Still... the romance of it all...!
The counterpoint there is it gives lots of reasons to make so many more, increasing proliferation worries.
However, there's an SF novel that just came out that features nuclear pulse: Fenrir, by Ryk Spoor and (posthumously) Eric Flint. I enjoyed it.
https://en.wikipedia.org/wiki/Heavy_ion_fusion
but the accelerator needs like 100 barrels that are each 1 km. Maybe you can build a generation starship with that but whatever it is it's going to be big.
Of course there was 'the shadow of the Bomb'. From bold, almost reckless experimentation (Mercury, Gemini, early Apollo, things shifted to safety-optimized, cost-constrained engineering. And there was Cost and Politics; the post-Apollo world didn’t want to colonize the solar system.
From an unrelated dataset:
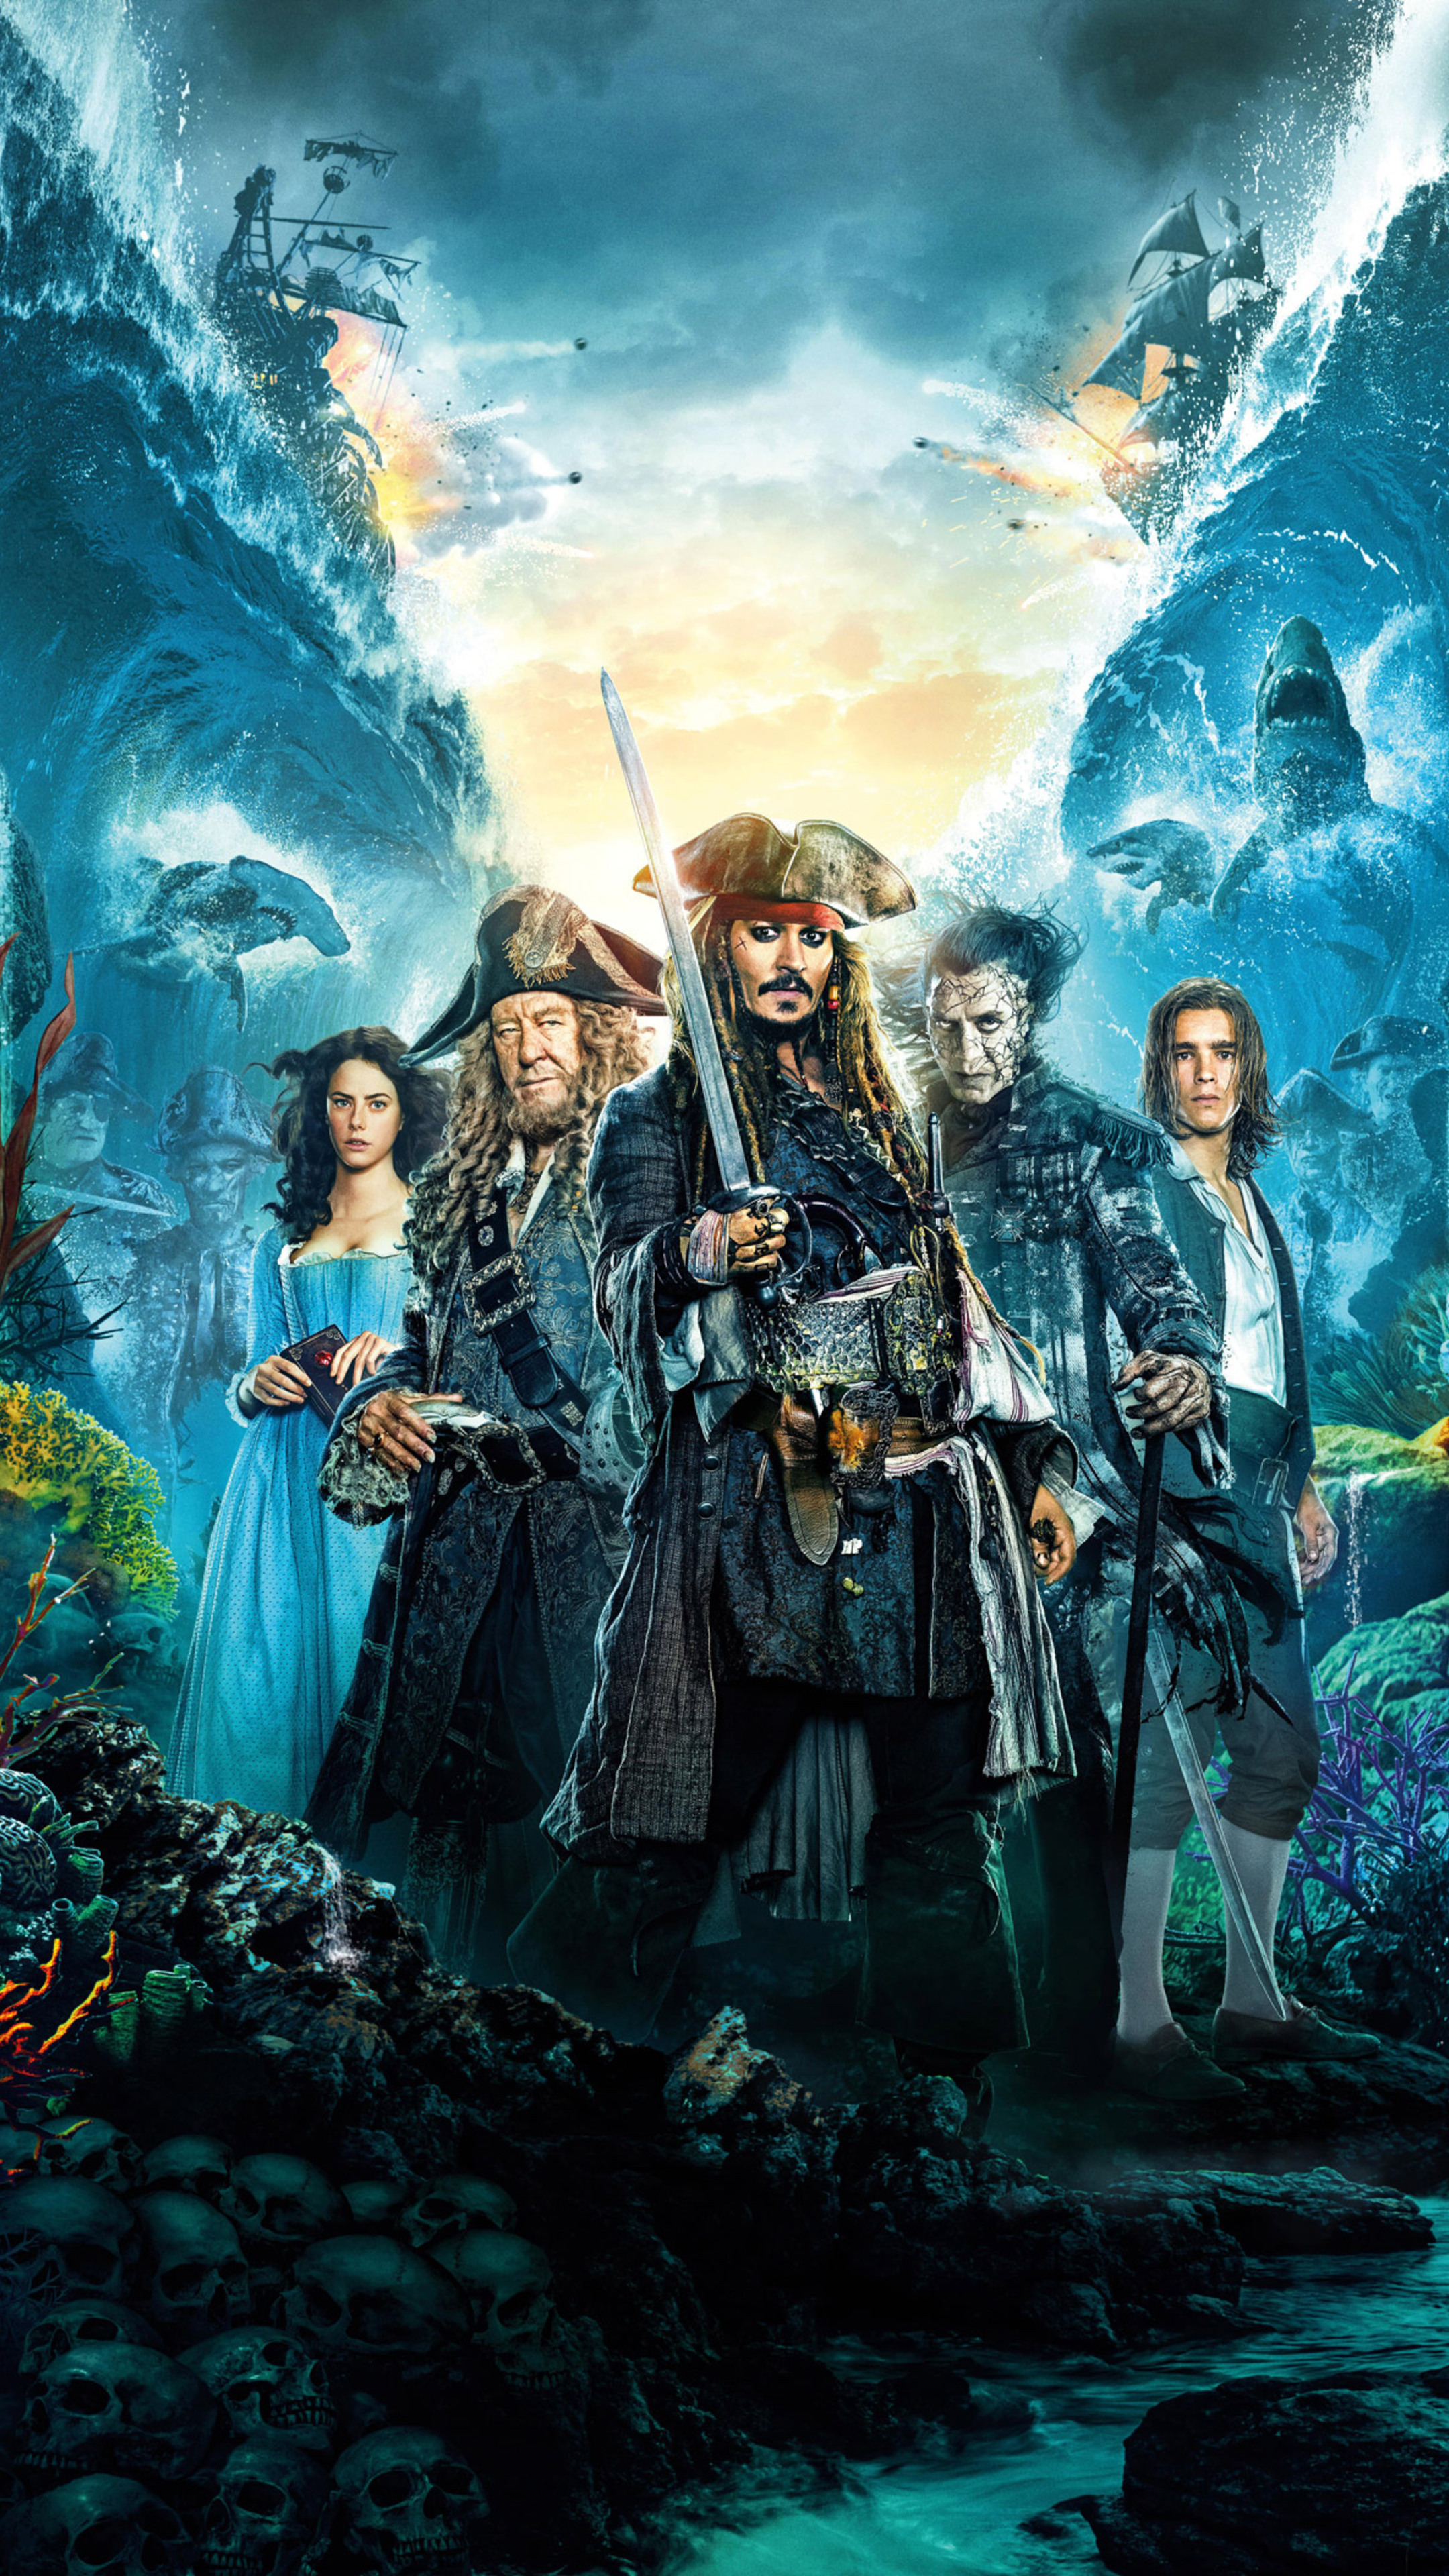 Pirates of the Caribbean: Jack Sparrow's adventures, Action movie. 2160x3840 4K Wallpaper.

It wanted low Earth orbit, and safe returns. Budgets followed.
Kinda sad.
https://ia800108.us.archive.org/view_archive.php?archive=/24...
Very cool.
But I don't see us putting a a 1000 kilometer lens into orbit anytime soon, and that multi-terawatt (sustained!) laser system sounds like a bit of a headache, too...
I guess this will be the Niven-Pournelle thread.
If the DFD takes 10 years to get there it means it would need to be launched in 40 years. That's quite a timeline.
Amazing that an organization can keep budgeting and planning for such a long project.